### Work to be completed
Copy exactly, and only, the lines from the one with "Stone Petite Tiered" to the end of the listing; omit pictures.

### Material provided
________________________________________
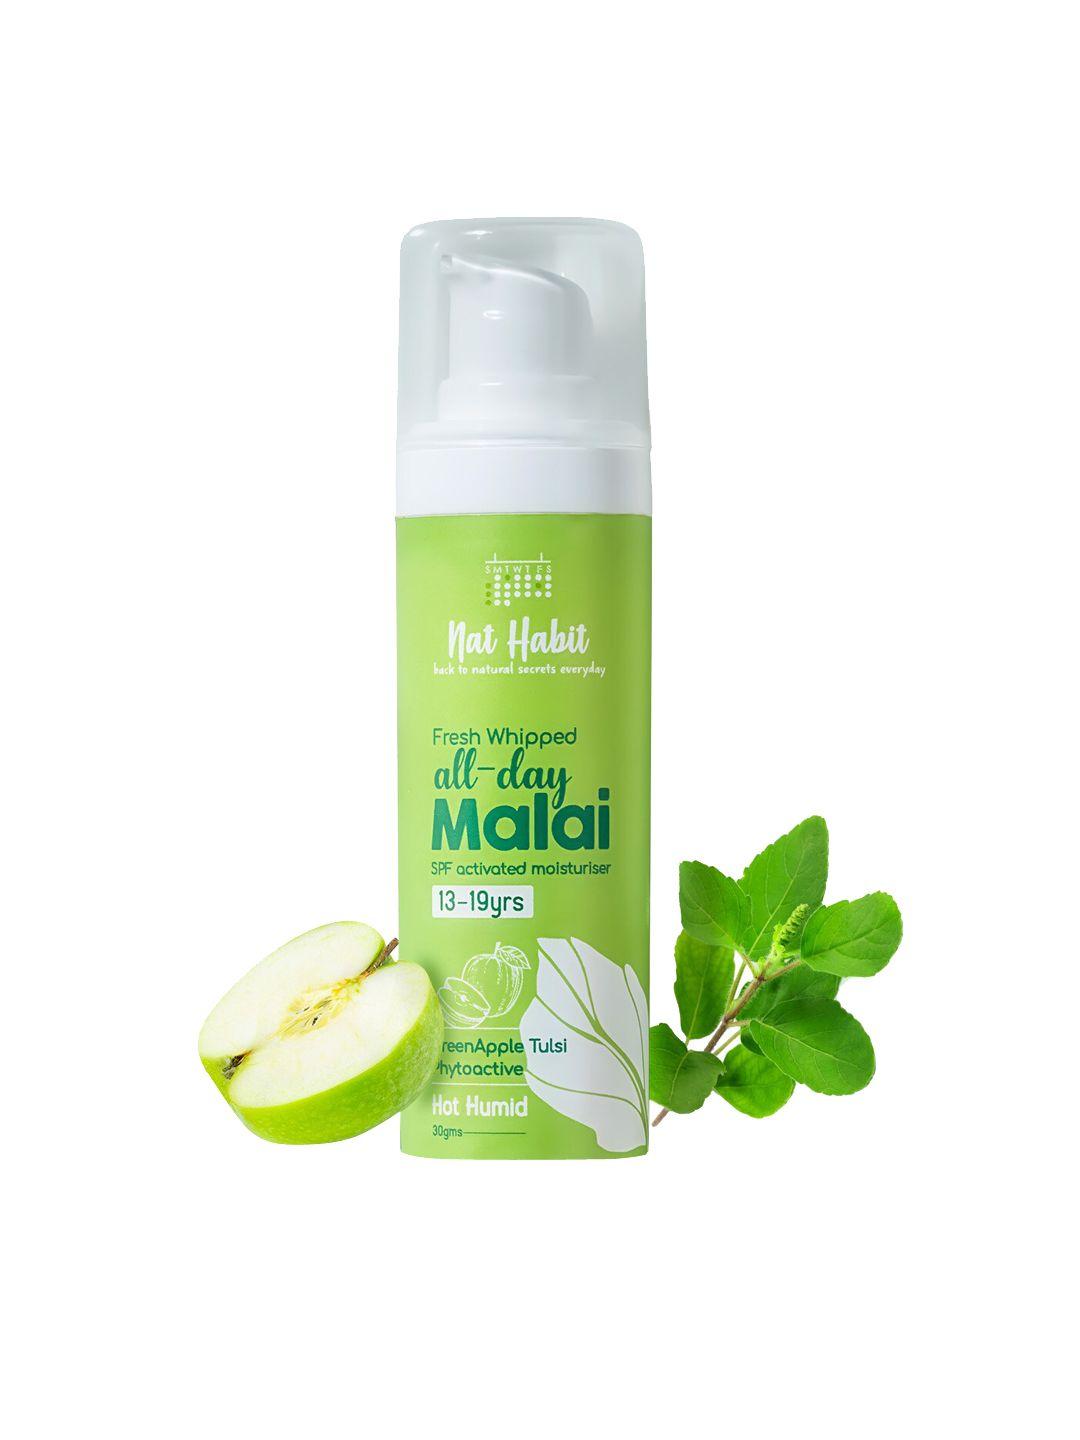 nat habit fresh whipped all day malai moisturizer with green apple & tulsi - 30 g
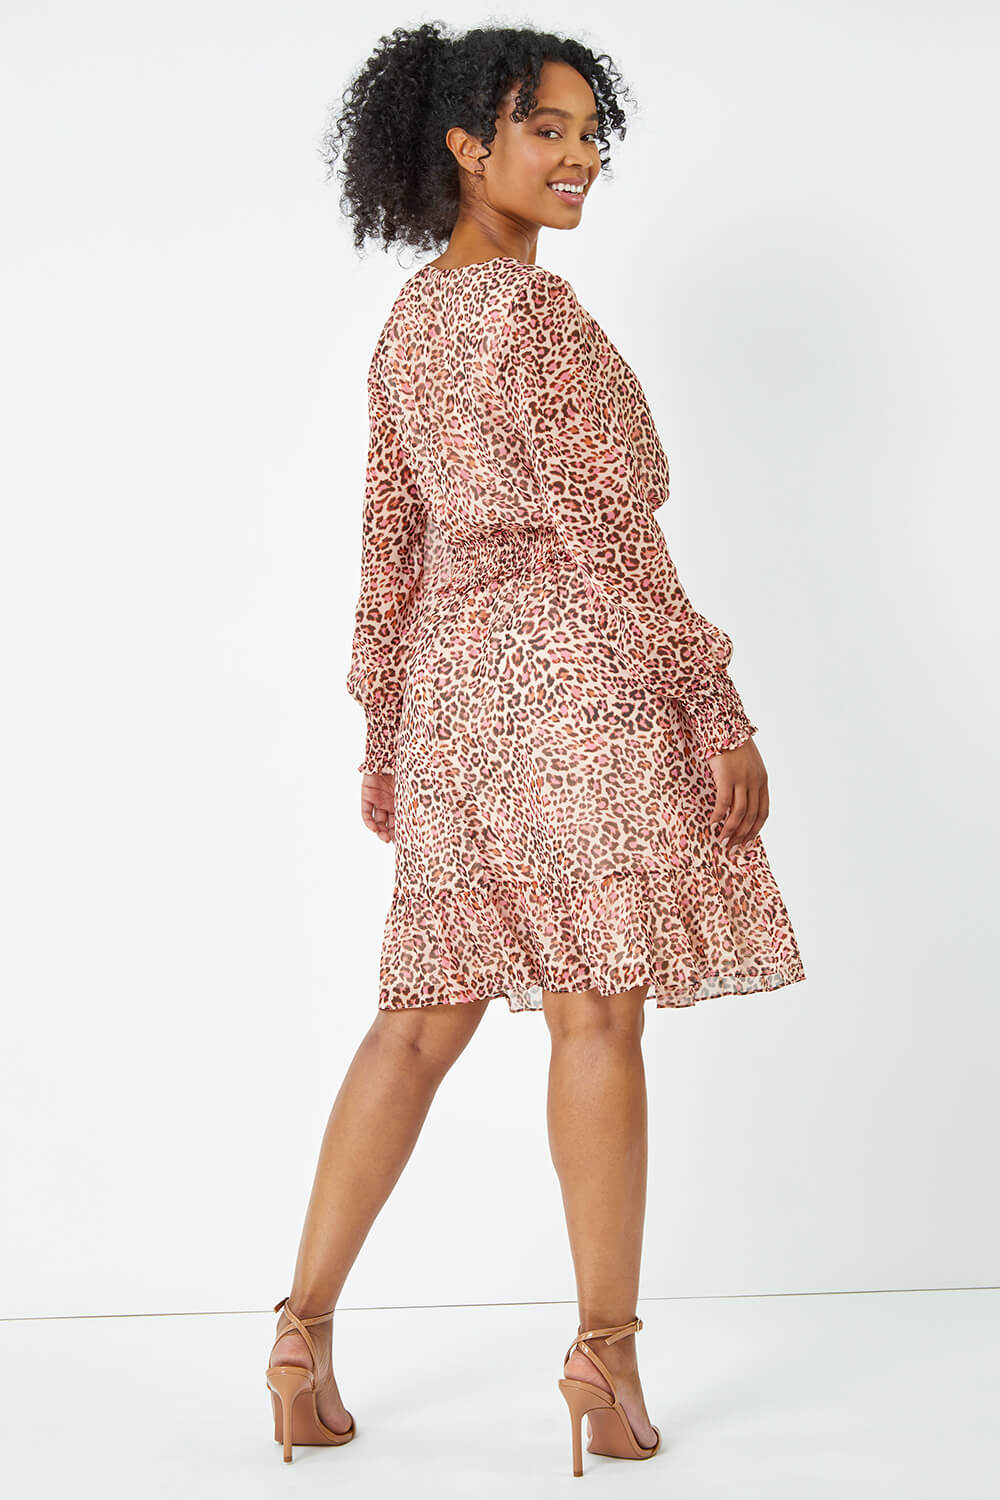 Stone Petite Tiered Leopard Print Frill Dress, Image 3 of 5
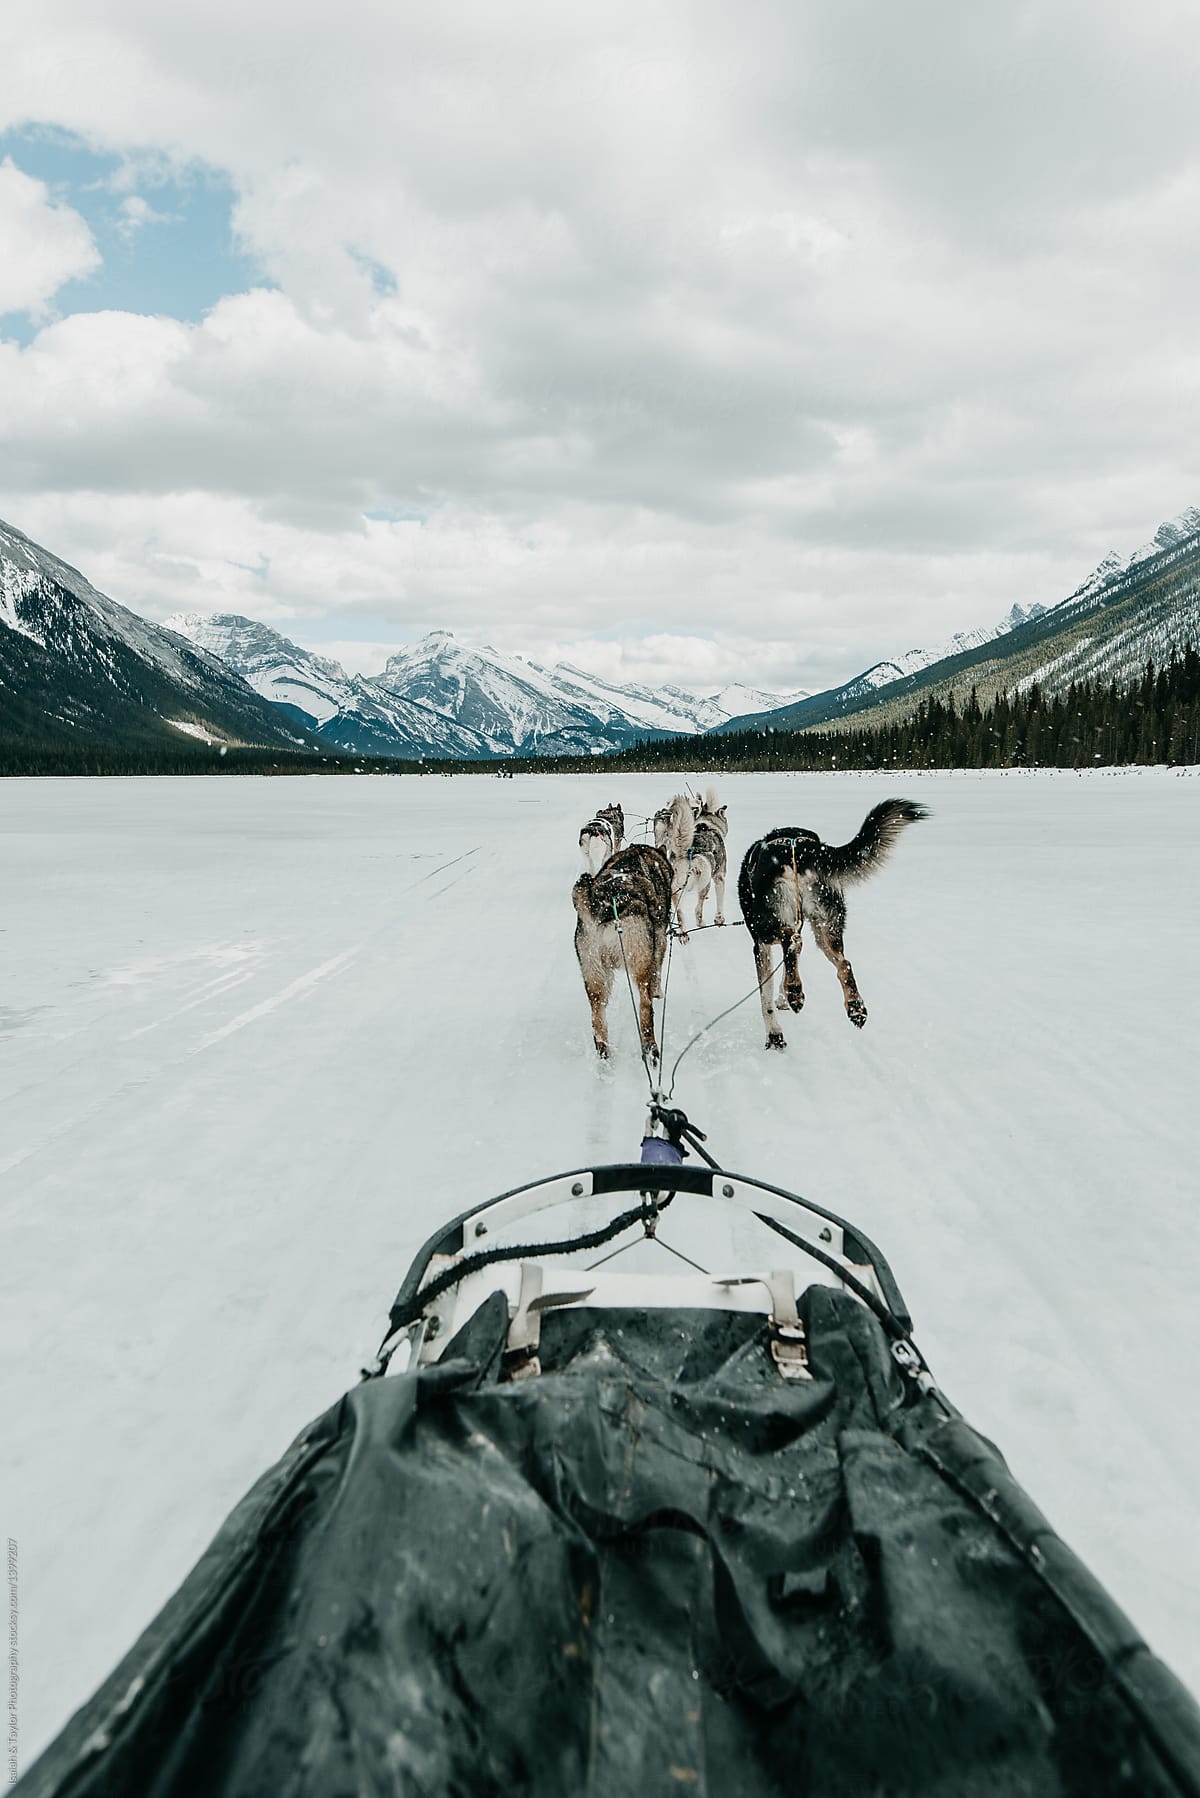 An action shot of dog sledding over a frozen lake in the mountains with the sleigh in the foreground
________________________________________
### Solution to this exercise
 Stone Petite Tiered Leopard Print Frill Dress, Image 3 of 5
 An action shot of dog sledding over a frozen lake in the mountains with the sleigh in the foreground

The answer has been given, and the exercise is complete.